__What the task asks__:
Set down all of the entries below exactly, and omit the pictures.

....

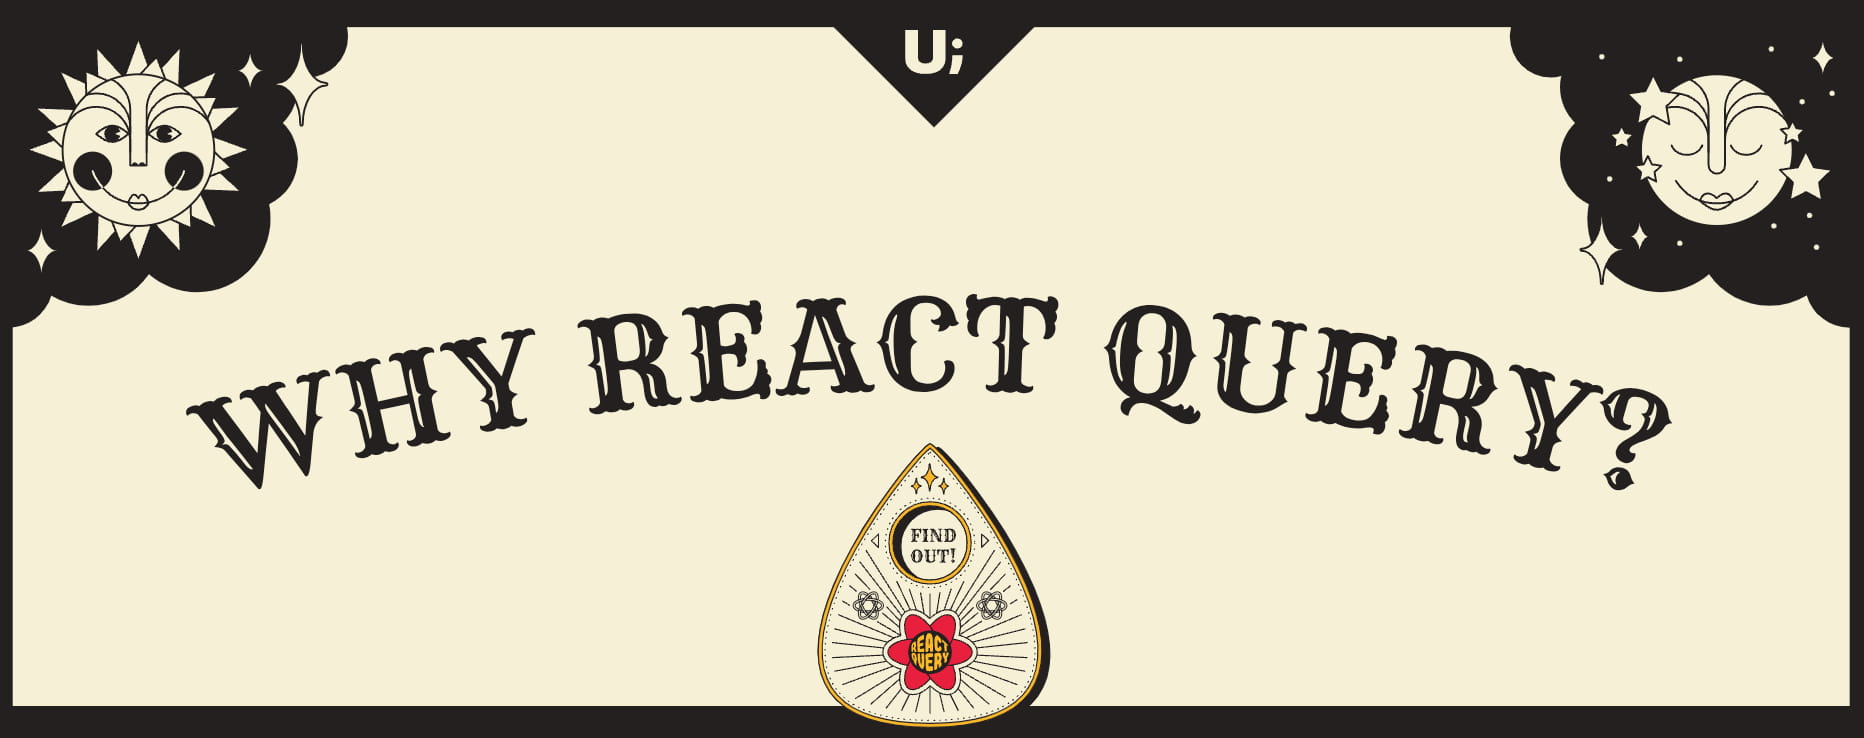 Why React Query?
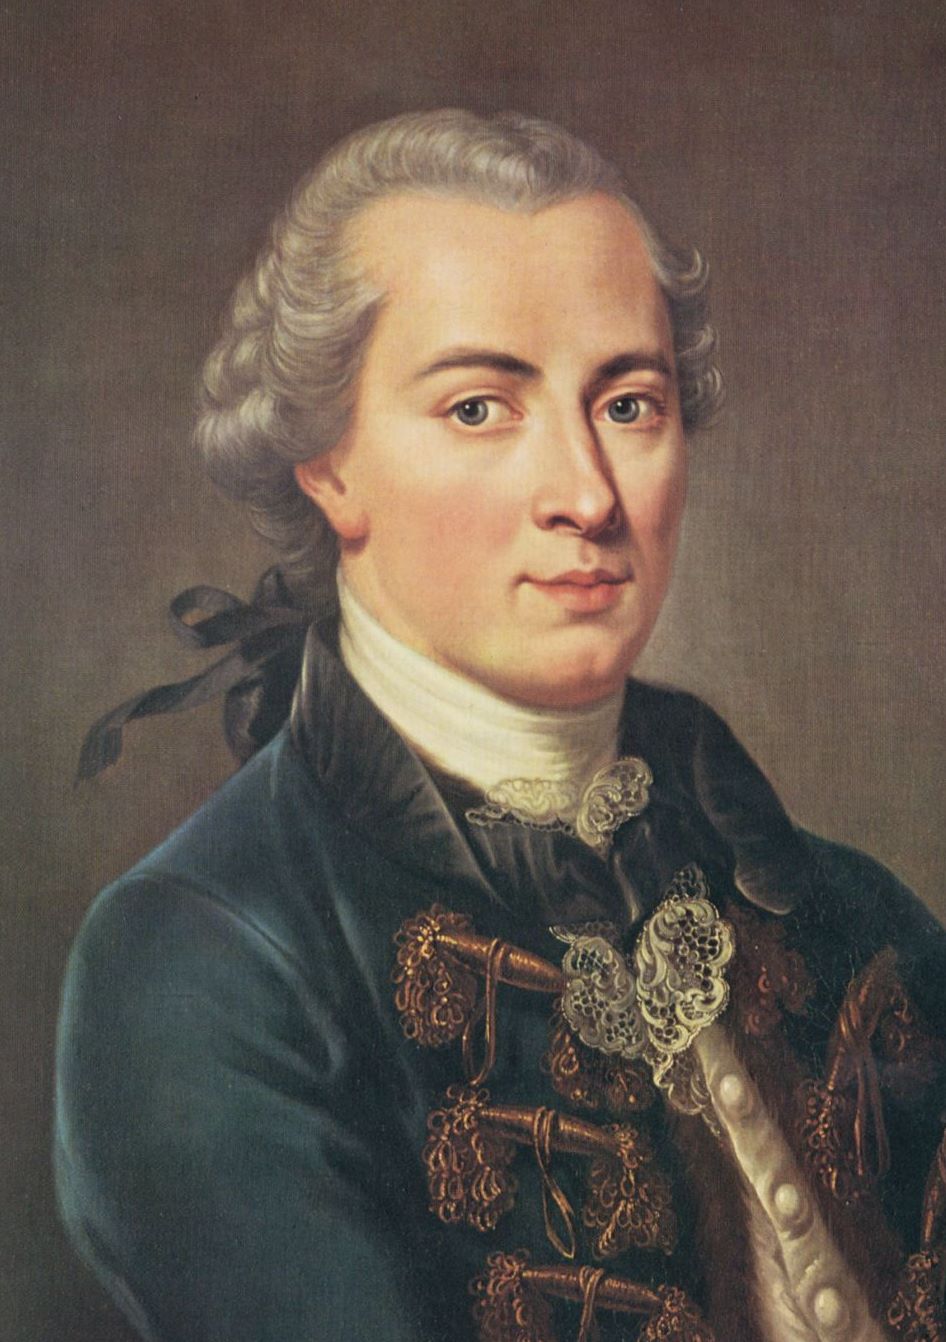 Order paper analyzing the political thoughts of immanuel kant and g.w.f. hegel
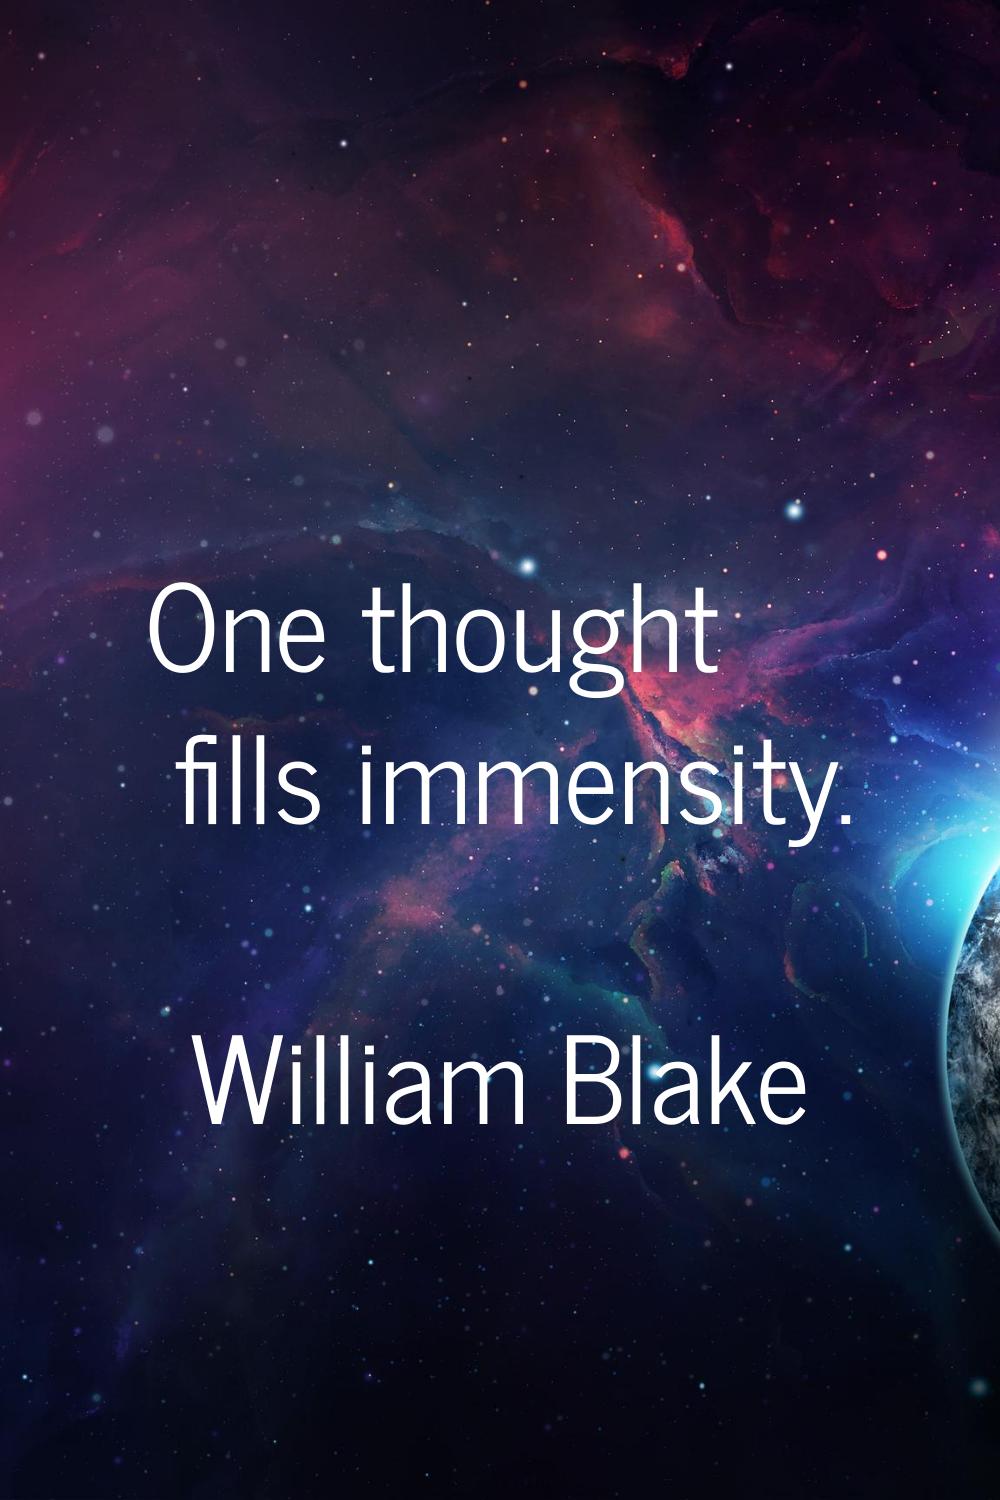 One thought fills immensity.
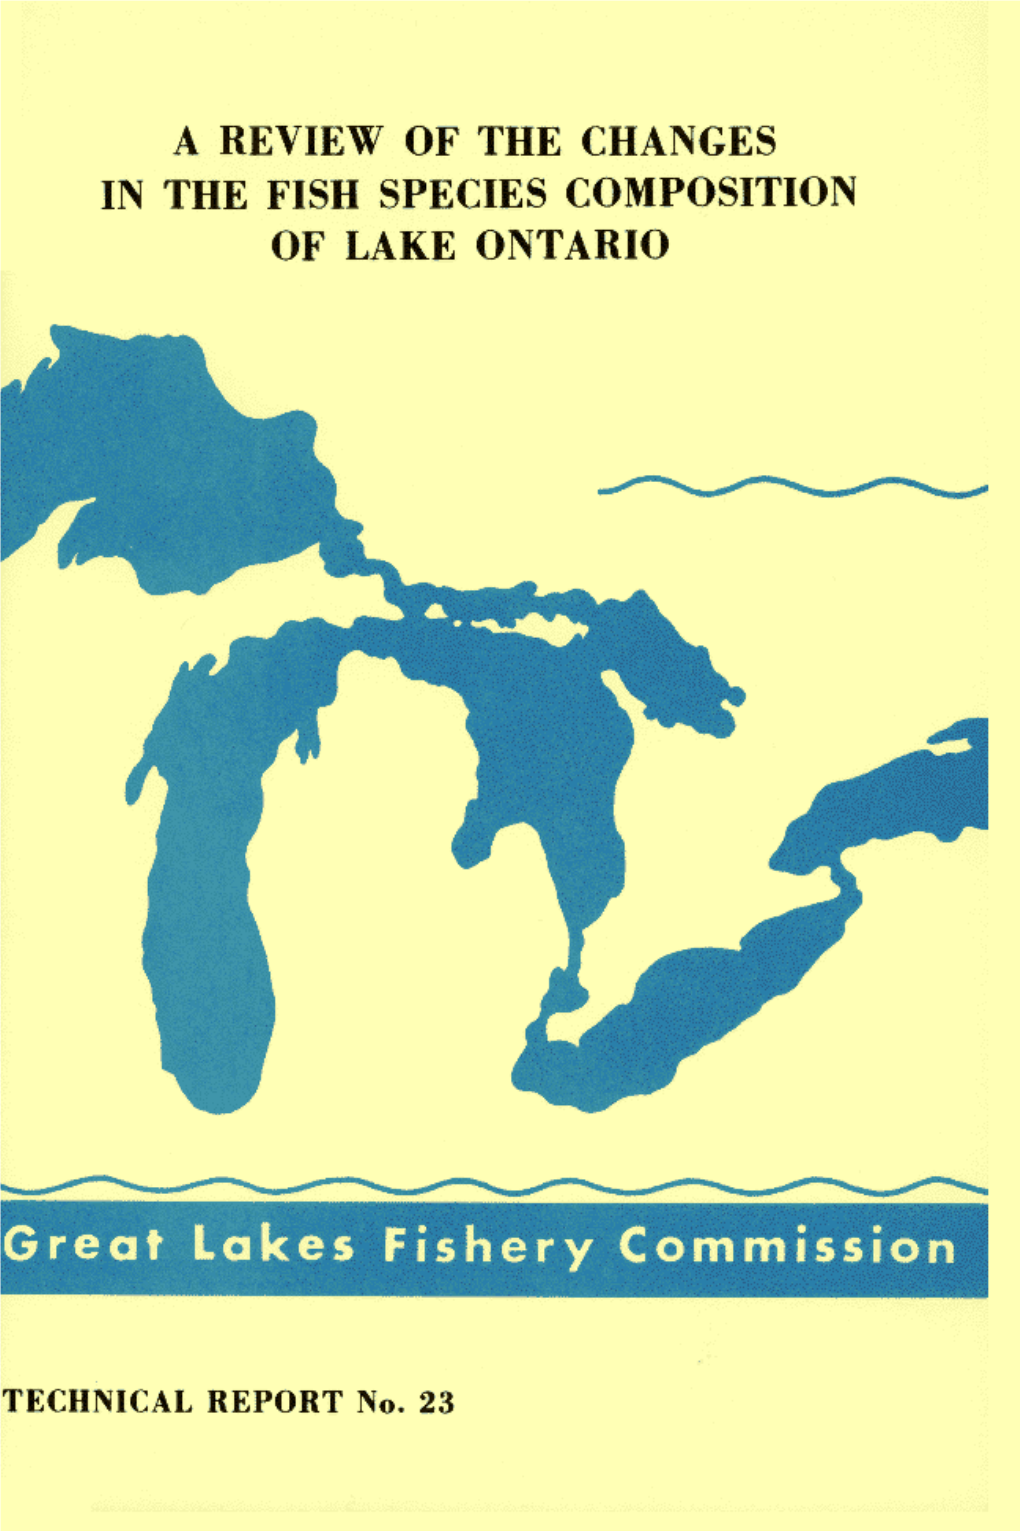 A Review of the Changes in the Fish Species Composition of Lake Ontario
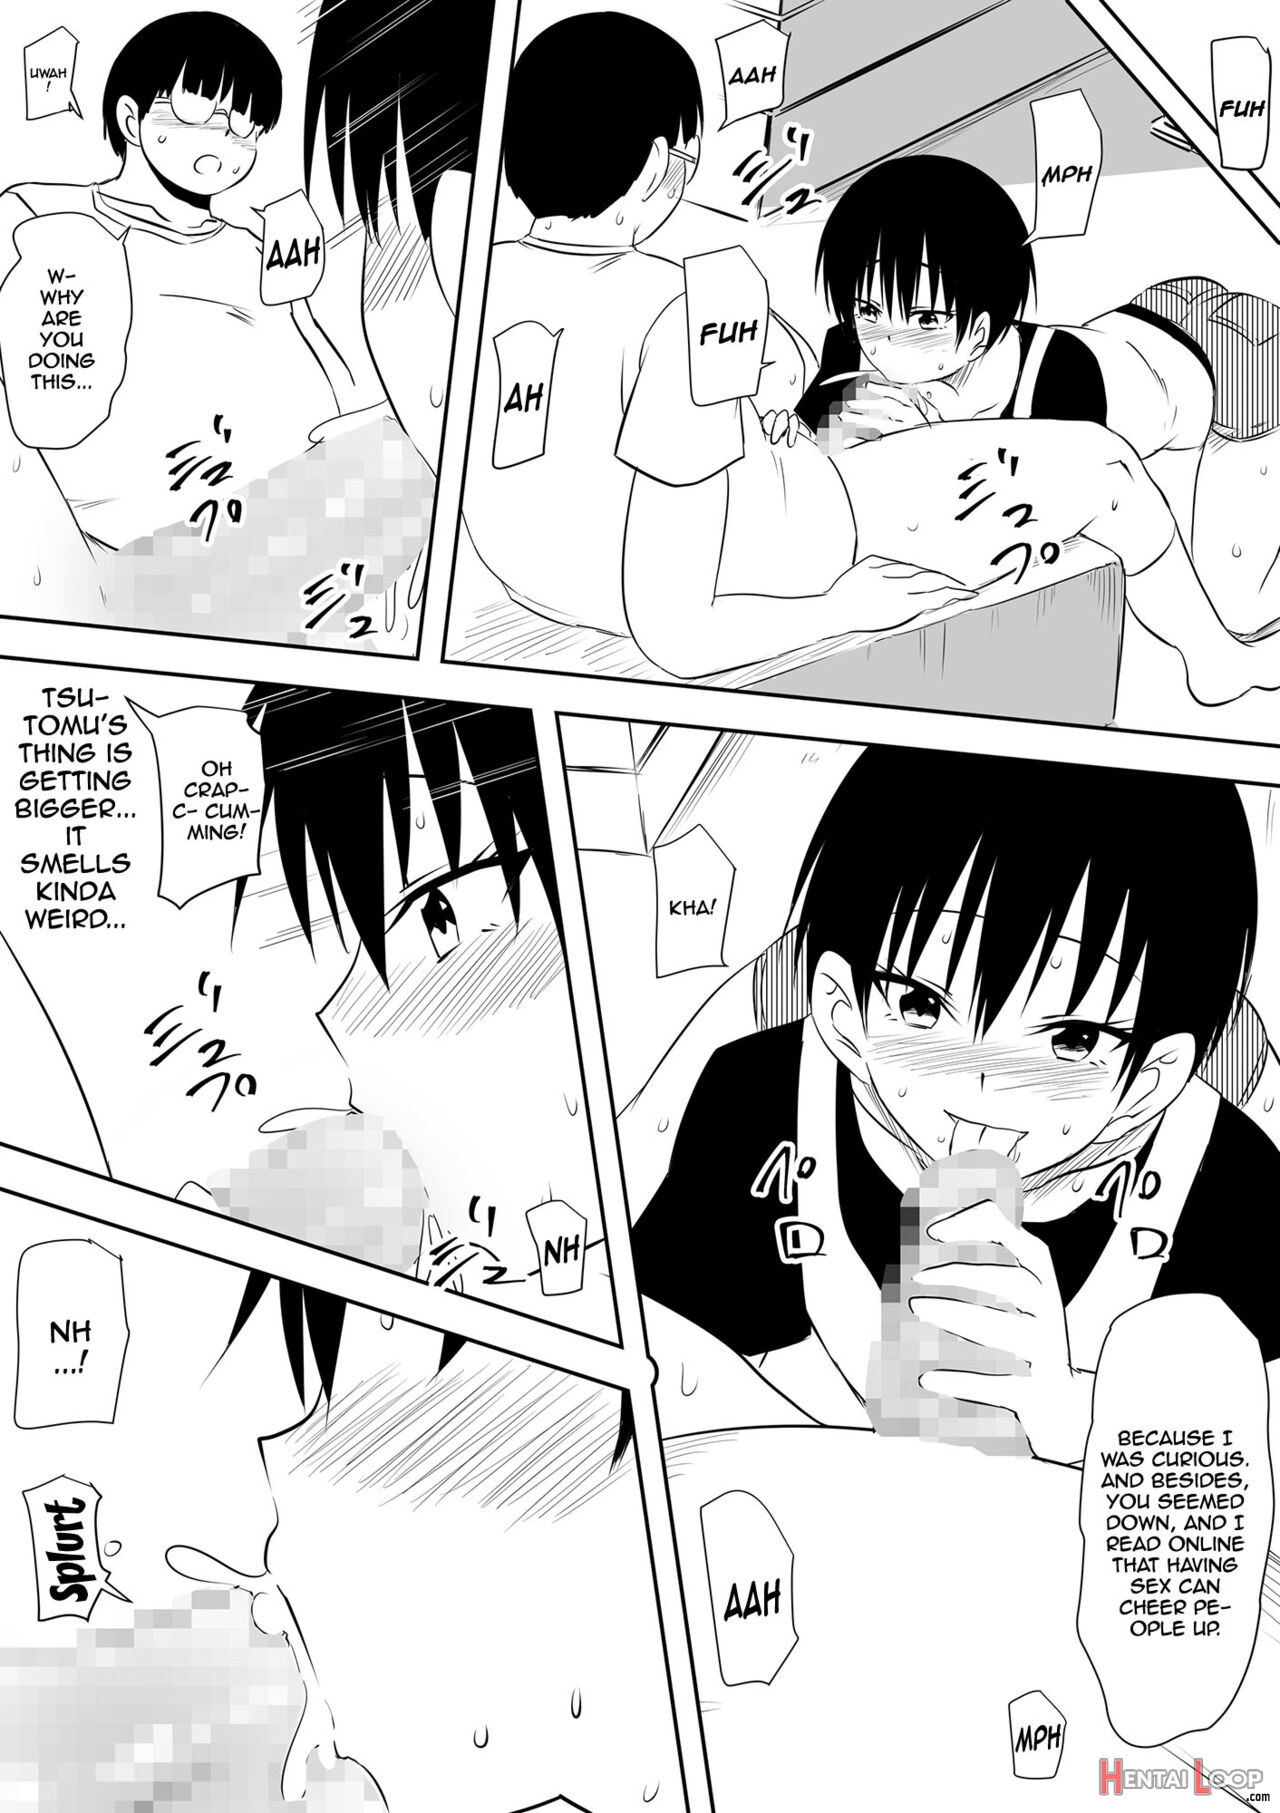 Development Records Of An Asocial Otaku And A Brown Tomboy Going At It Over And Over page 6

....

__Answer space__:
 Why React Query?
 Order paper analyzing the political thoughts of immanuel kant and g.w.f. hegel
 One thought fills immensity.
 A Review of the Changes in the Fish Species Composition of Lake Ontario
 Development Records Of An Asocial Otaku And A Brown Tomboy Going At It Over And Over page 6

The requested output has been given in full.